One cool thing about this skill is you can wire it up (via the learning-opportunities-auto companion) so that after every git commit, Claude considers offering a short 10–15 minute exercise: prediction, trace-the-path, debug-this, teach-it-back. If you're brand new to a codebase and want to gain higher-level understanding via Q&A instead of reading every file, this is a useful tool. It tends to surface things that aren't obvious the first time you look at the code. It's also useful as a continued learning effort while you're still actively building and generating code.

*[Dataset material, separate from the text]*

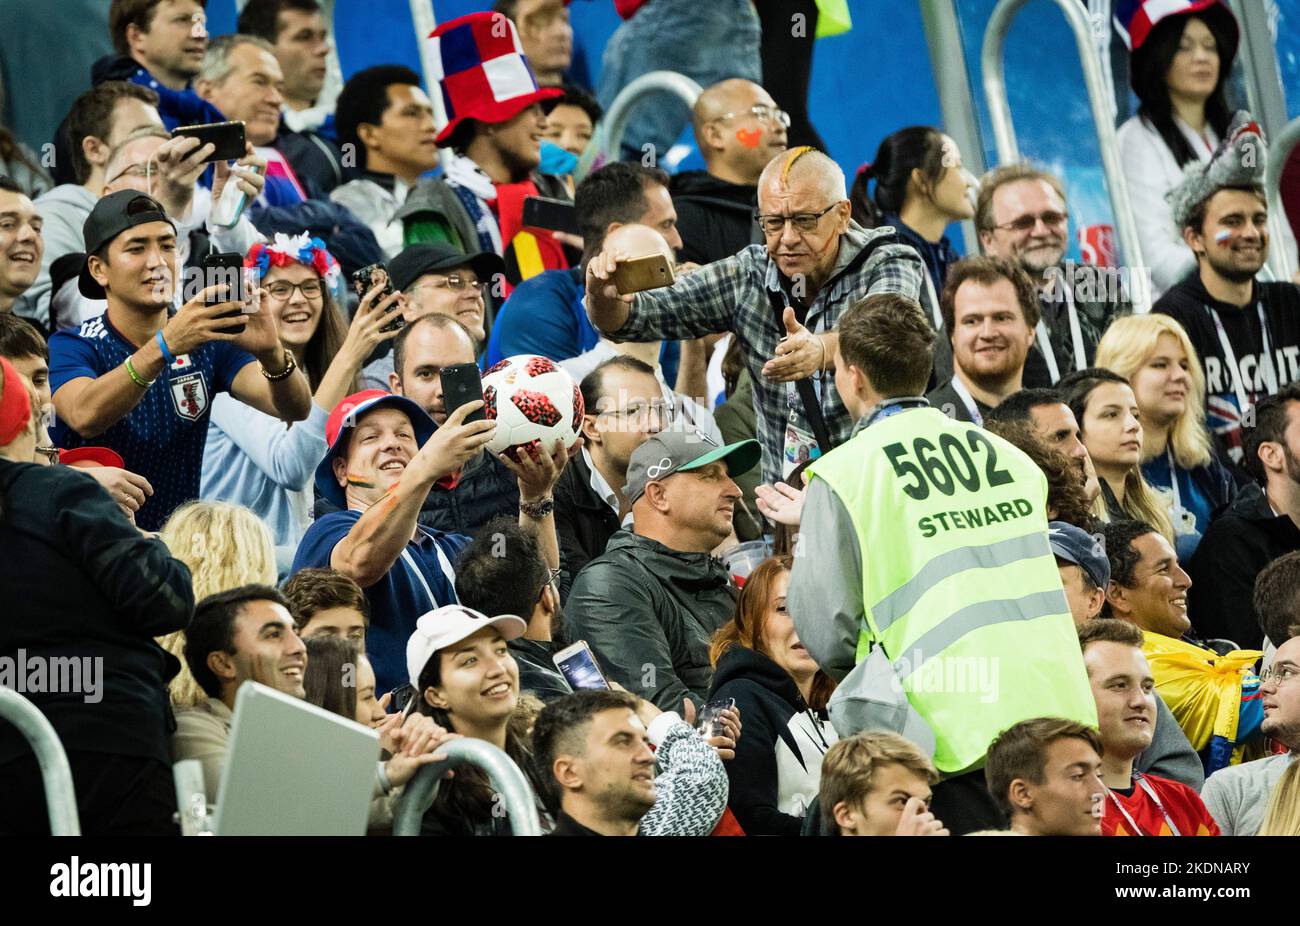 St. Petersburg , 10.07.2018 Serie Ordner erschnappt sich den Spiel Ball von einem Fan der ein Selfie machen mšchte Frankreich - Belgien Copyright (nur Stockfoto

The skill is built to counteract a specific risk of AI-assisted coding called the generation effect: accepting generated code and writing less of your own can skip the active processing that builds real understanding. The exercises are grounded in well-established learning science, and the approach interrupts the default fast-fluent agentic flow on purpose, to give you space to reflect on what you're actually shipping. For those of us doing QA work across unfamiliar repos, unfamiliar frameworks, and unfamiliar architectural patterns, that's a low-cost way to keep your own expertise growing alongside the code.
The repo is here - https://github.com/DrCatHicks/learning-opportunities/ and below happy learning!
Headlines & Launches
Two Months Writing Automation Solely with AI
Todd Lemmonds (LinkedIn)
Todd Lemmonds spent two months writing automation solely with AI and declares the 'learn to code' era officially over for QA. Argues the value of QE shifts from syntax to strategy: defining business risk, architecting validation strategies, orchestrating diverse AI testing services, and realizing true shift-left through CoEs. Key quote: 'Stop writing scripts. Start architecting quality.' He works for an agentic AI testing company, which gives him visibility into how top companies are engineering with AI.
Building an Agent Was Easy. Deciding What It Should See Wasn't.
Praveen Varghese (LinkedIn)
Praveen Varghese shares lessons from building an AI agent: the hard part wasn't the agent itself, it was deciding what context it should see. Three approaches tried: (1) giving it source code — led to hard-to-trace failures plus IP concerns, (2) structured documentation — suffered from drift and information overload, (3) MCP — agent pulls only what it needs via deliberately exposed tools/knowledge. Key insight: give too much info and it gets confused, give fragments and it's confidently wrong, give nothing and it hallucinates. The context layer IS the agent.
Tools & Frameworks
AI-Driven SDLC Harness for Claude Code
Mostafa Ashraf (LinkedIn)
Mostafa Ashraf shares a key lesson from building an AI-driven SDLC harness: your Reviewer agent must have zero write access. If it can edit code, it will silently fix things instead of flagging them — defeating the purpose of review. His harness uses structured comment types (R for Developer, T for Tester, S for spec compliance) routed by an orchestrator, so fixes always go back to the original author. The repo supports multi-agent TDD workflows with Azure DevOps, Jira, GitHub, GitLab, and more.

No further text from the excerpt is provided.